The hierarchical structure of the procedure allows the working pipeline to be modified in order to adapt it to the actual case. For example, the inclusion of cell organelles in the model is possible, and a new step is carried out before the first for the homogenization of this structure.

The simulation of a cellular culture composed by different cell types is possible; the first step can be performed for every cell type in order to associate them with the proper equivalent sphere and then one can perform the homogenization of the whole culture considering the corresponding CVF of every cell type.

The introduction of a particular measurement probe in the procedure allows testing its accuracy and sensitivity in order to enable an evaluation of its adequacy. Once the calibration of the probe is done, i.e., the shape parameter d is determined, verifying the capability of the system to correctly measure the permittivity of the cell culture and then its CVF is possible.

Despite the potentialities, the capability of the proposed procedure to correctly describe a cell culture is limited by the knowledge about the cell culture itself. In particular, it is fundamental to describe the cell geometry accurately. The properties of the suspension medium are easily measurable by direct measurement; the properties of the membrane and of the core requires that such materials are isolated for the measurement.

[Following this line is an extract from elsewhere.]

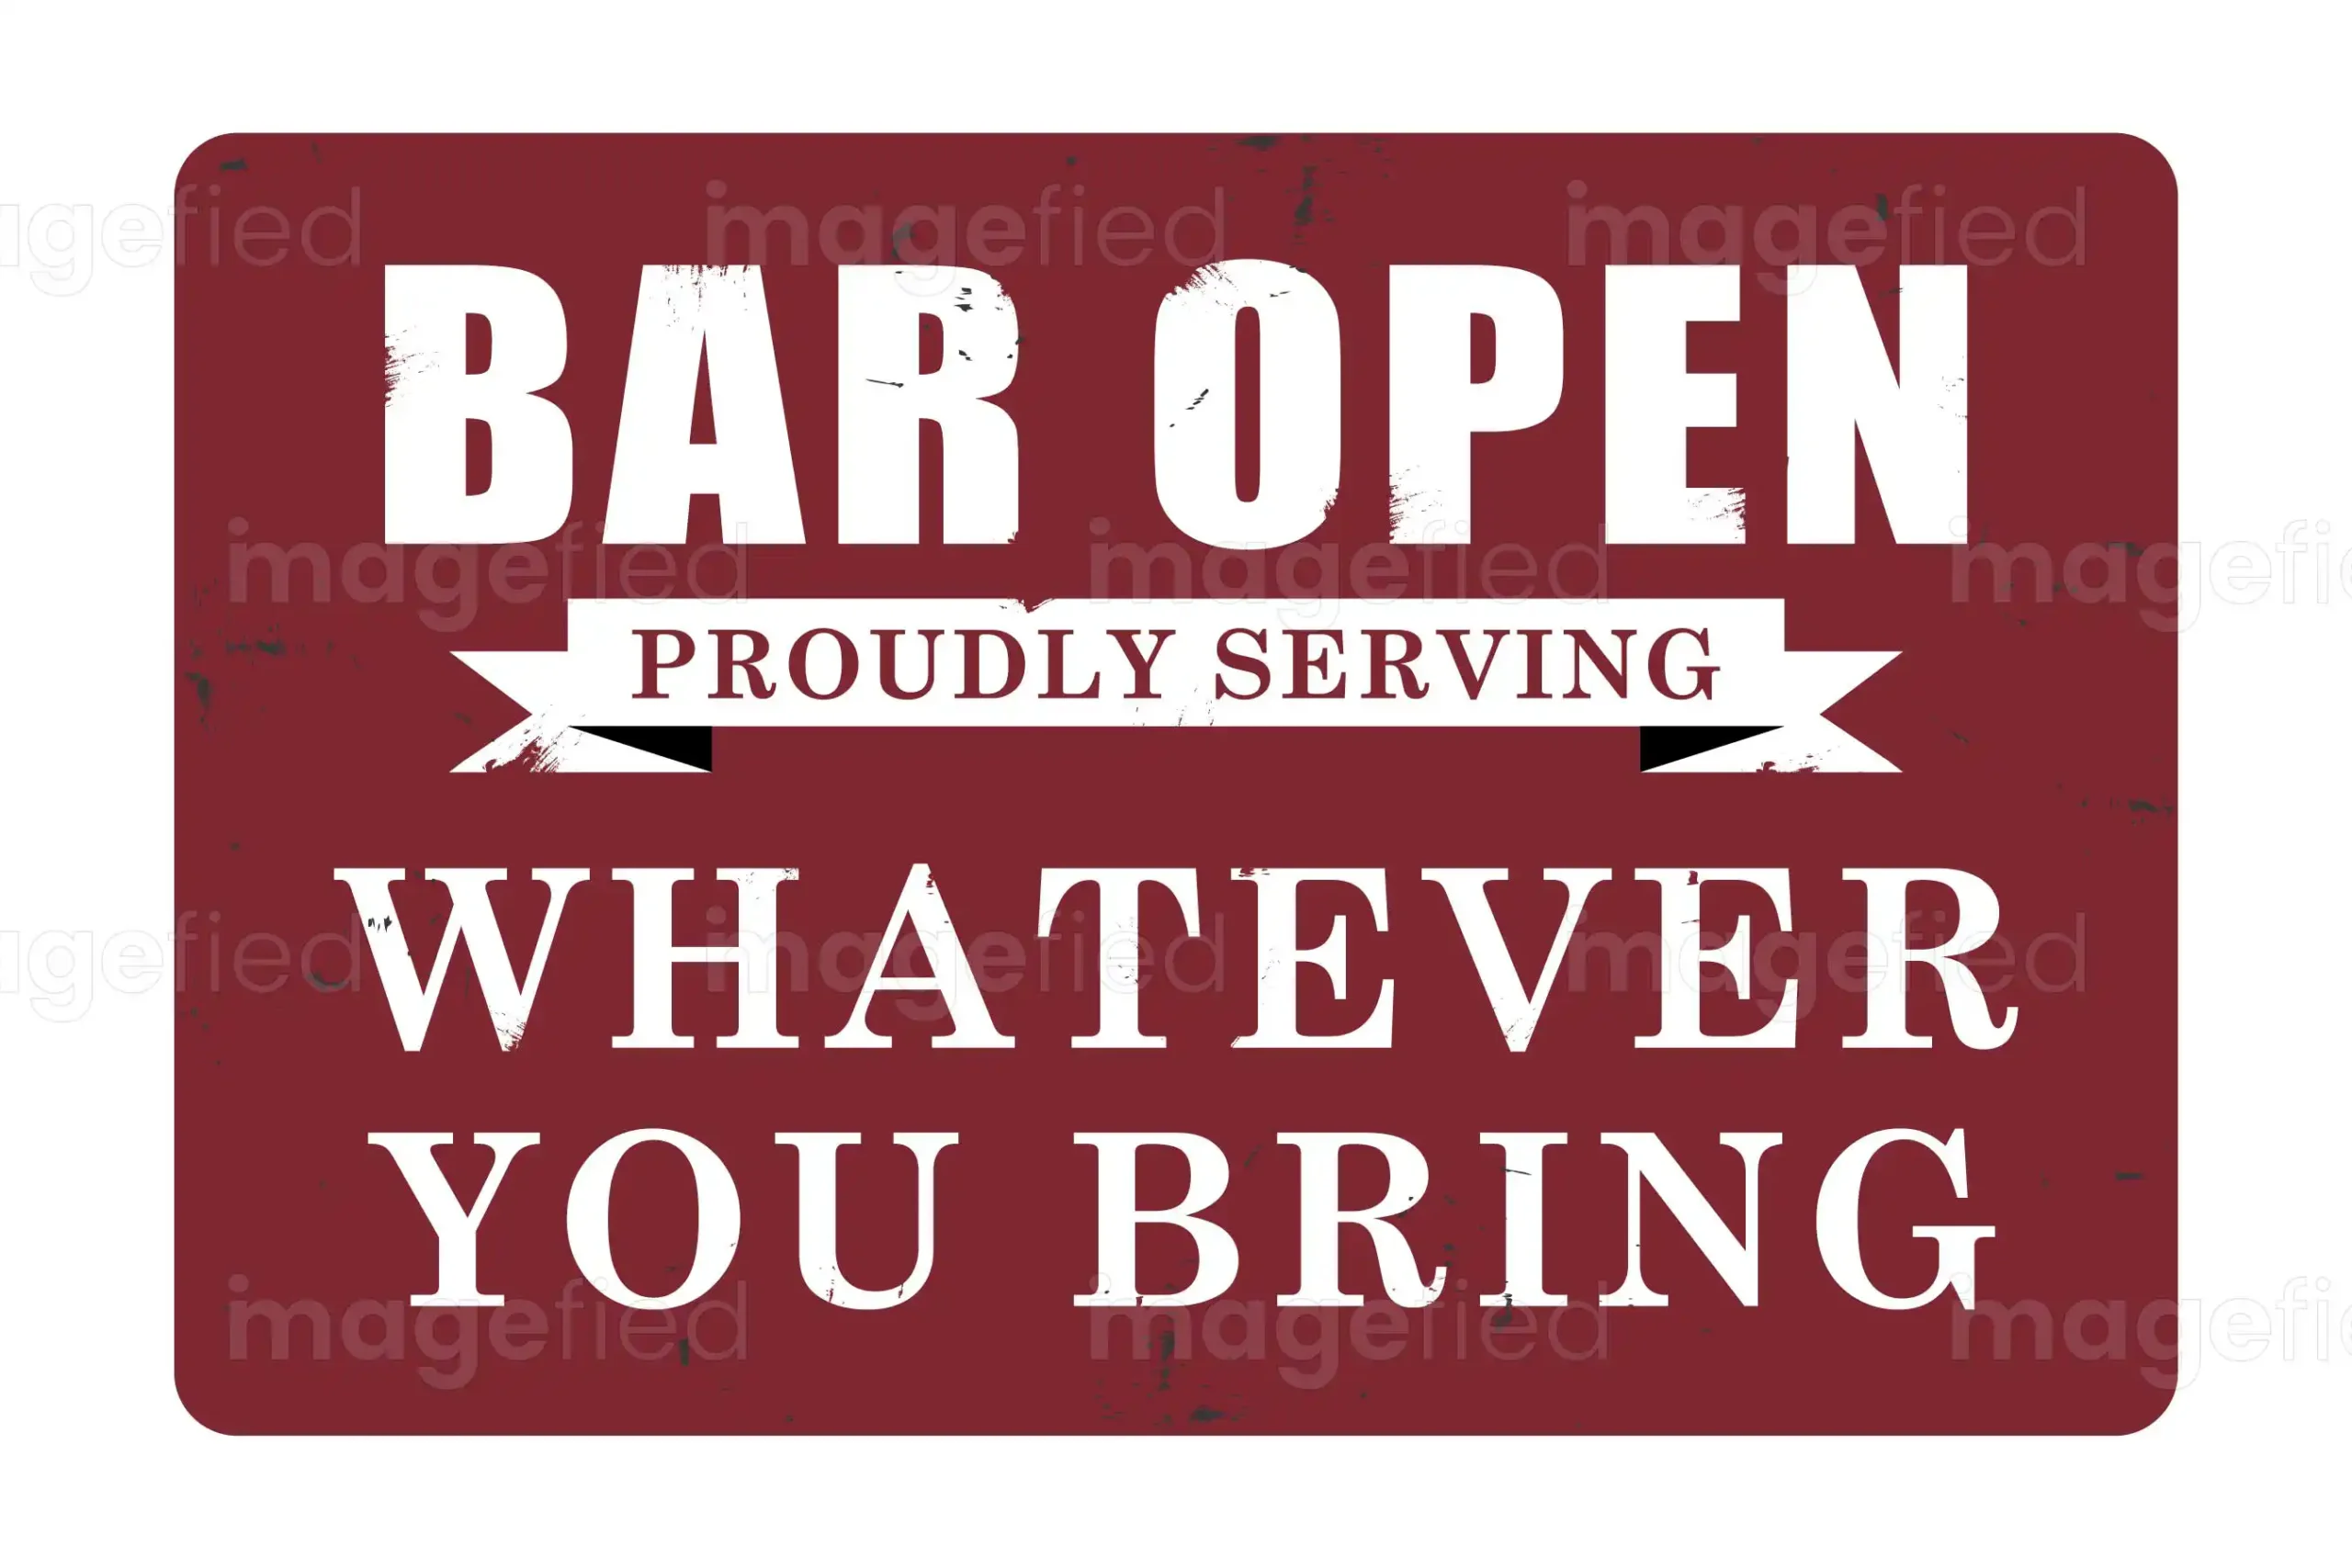 Bar Open Proudly Serving Whatever You Bring Sign, Sticker, Stock Vectors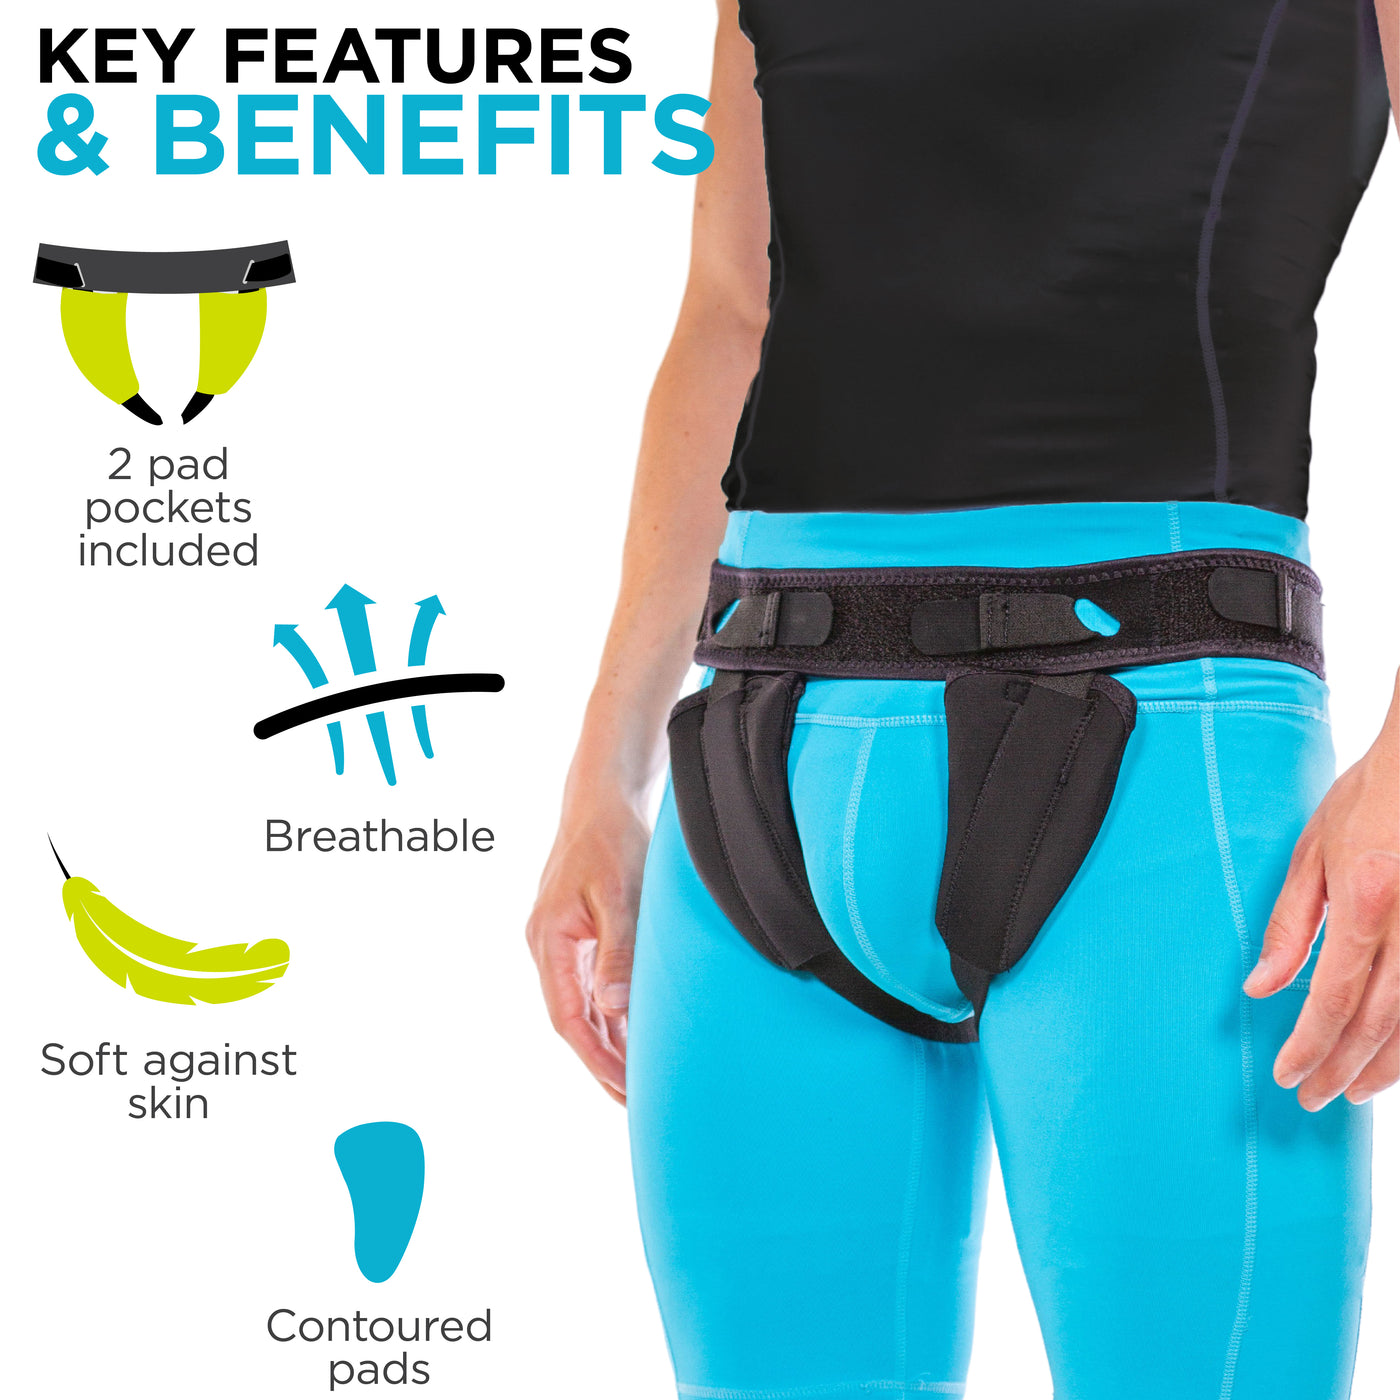 The BraceAbility Inguinal Hernia Belt is made with a breathable, comfortable material for all day hernia protection

For higher CVF values, its estimation obtained from (6) could be not accurate. Then, using the proposed procedure for the creation of a lookup table that covers the range of CVF not supported by the model is possible.

Conclusions

The in silico validation procedure for CVF estimation techniques based on dielectric spectroscopy seems to be a good tool to overcoming the actual technical limitations of dielectric spectroscopy used in CVF estimation. This is possible thanks to the accuracy demonstrated by the procedure in the description of the phenomenon, as reported in the discussion, taking full advantage of this particular measurement technique.

Despite the actual limitations, the results presented here encourage us to further develop the theory behind the dielectric behavior of cell culture in order to avoid the actual limitations of the proposed procedure.

Future works shall be centered on suspensions with cells with anisotropic dielectric behavior or in general with a certain variability of dimensions or dielectric properties of the core; moreover, it is of interest to try to estimate the electric properties of the core from the dielectric spectroscopy of the whole culture.